= Data shown =
━━━━━━

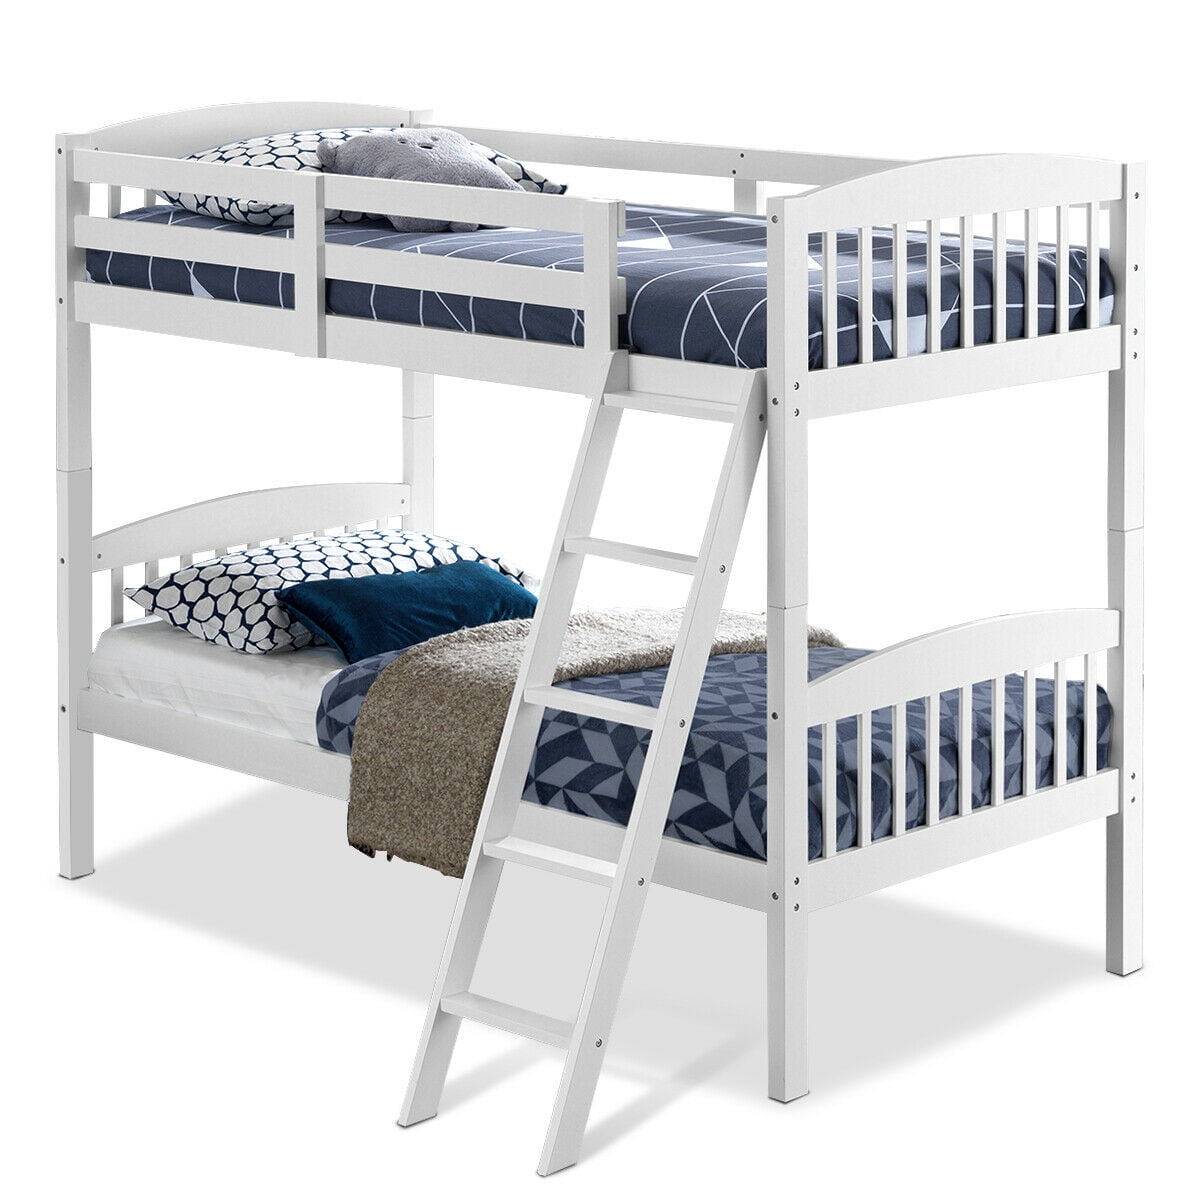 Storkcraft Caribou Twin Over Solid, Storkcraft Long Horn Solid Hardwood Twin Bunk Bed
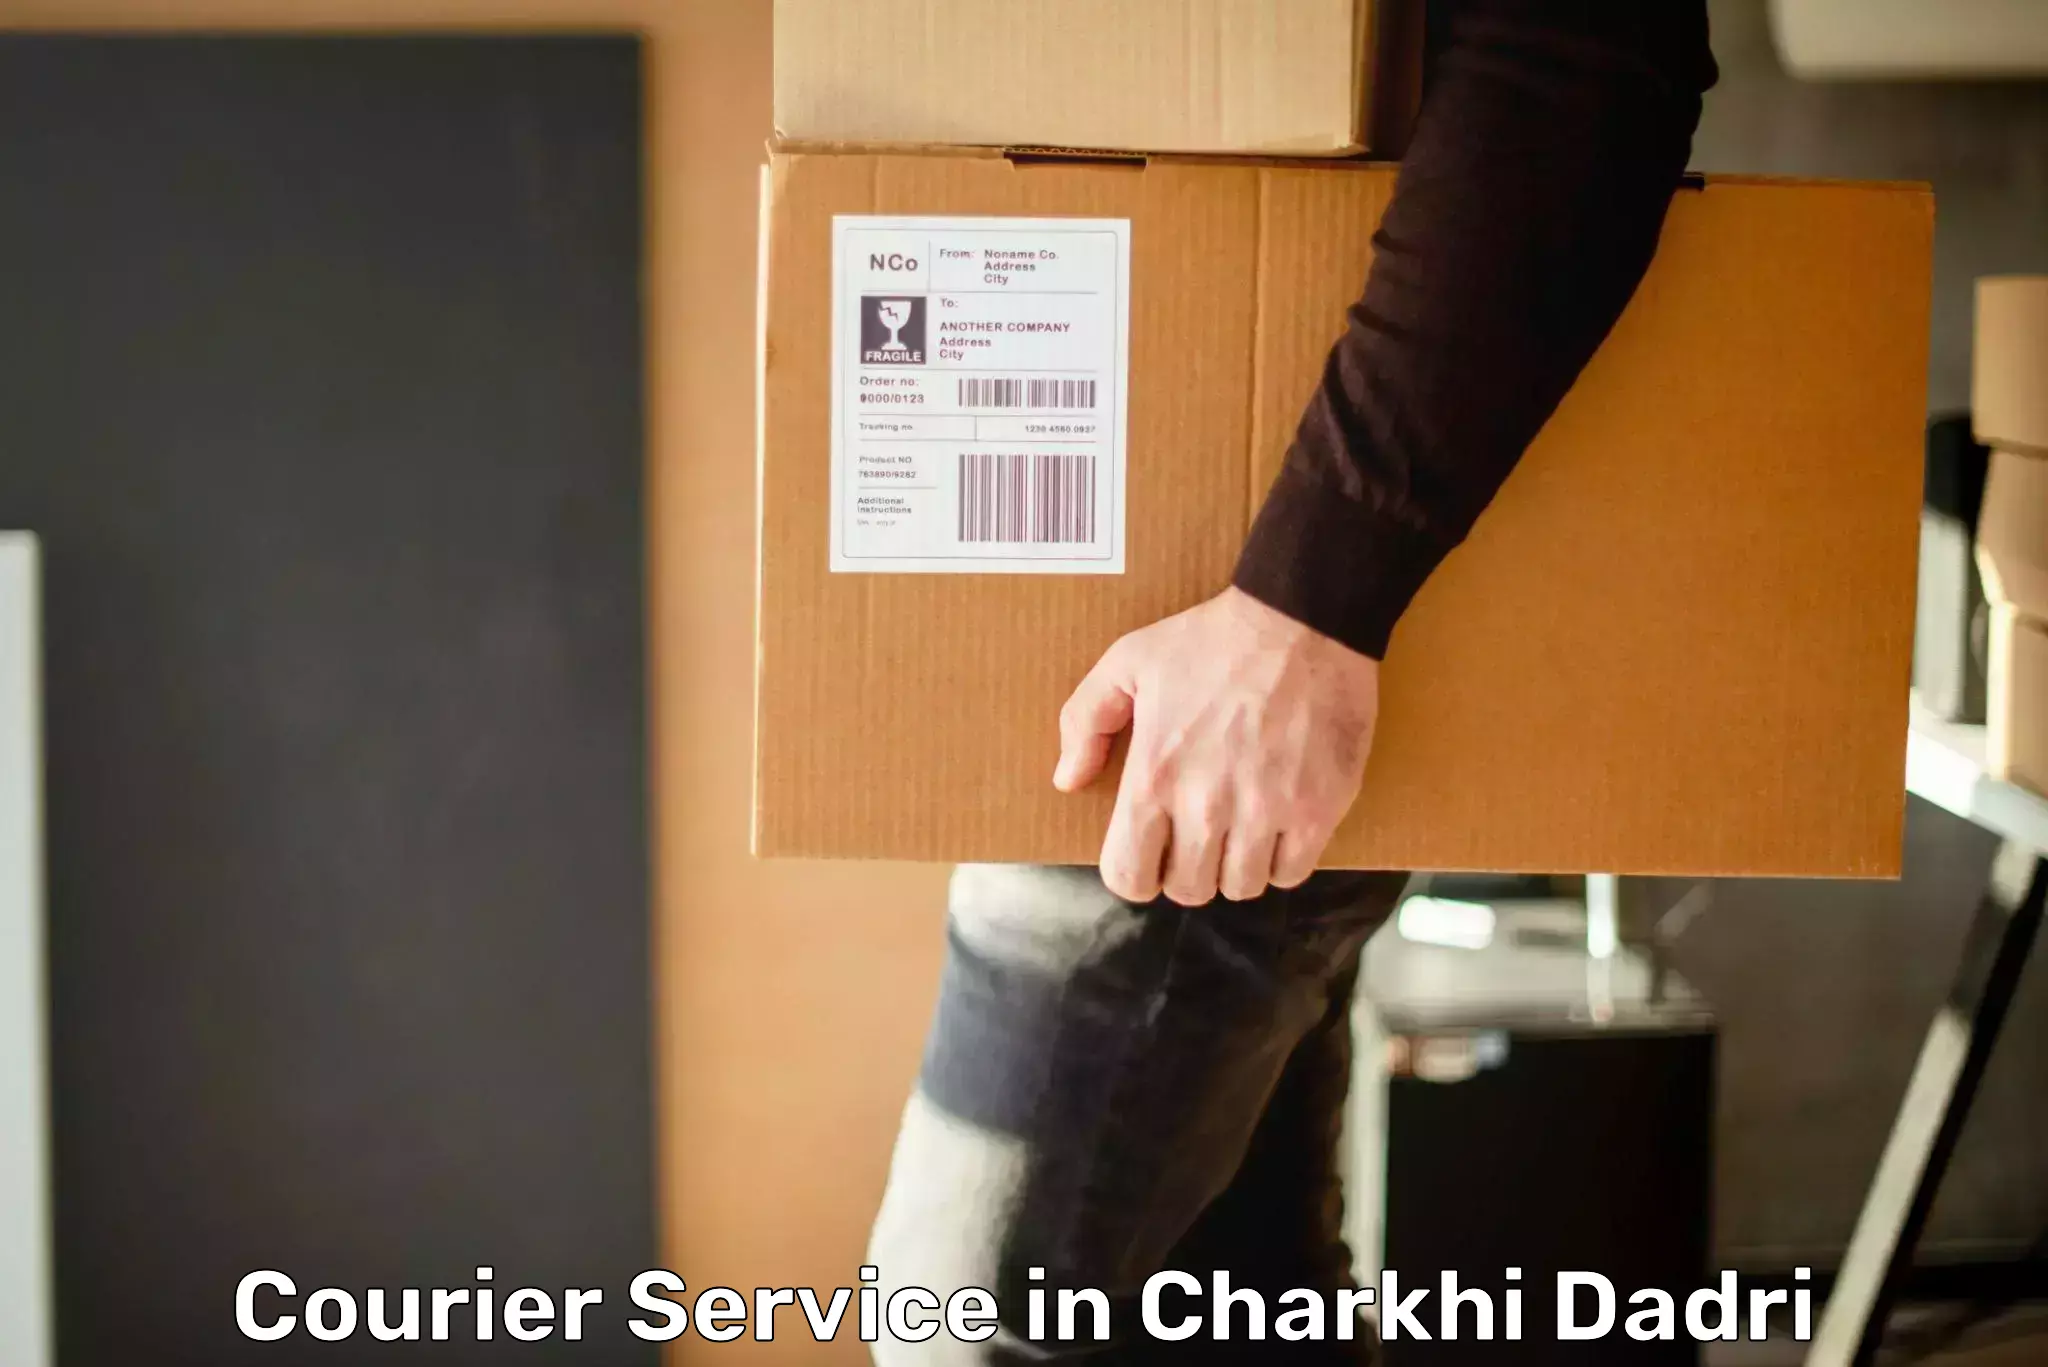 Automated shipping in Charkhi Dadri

━━━━━━

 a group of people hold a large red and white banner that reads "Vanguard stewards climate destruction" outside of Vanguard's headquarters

━━━━━━

= Task details =
Output exactly the lines above, from the line with "Storkcraft Caribou Twin" to the line with "Automated shipping in Charkhi Dadri", both included; skip the pictures.

= Worked solution =
 Storkcraft Caribou Twin Over Solid, Storkcraft Long Horn Solid Hardwood Twin Bunk Bed
 Automated shipping in Charkhi Dadri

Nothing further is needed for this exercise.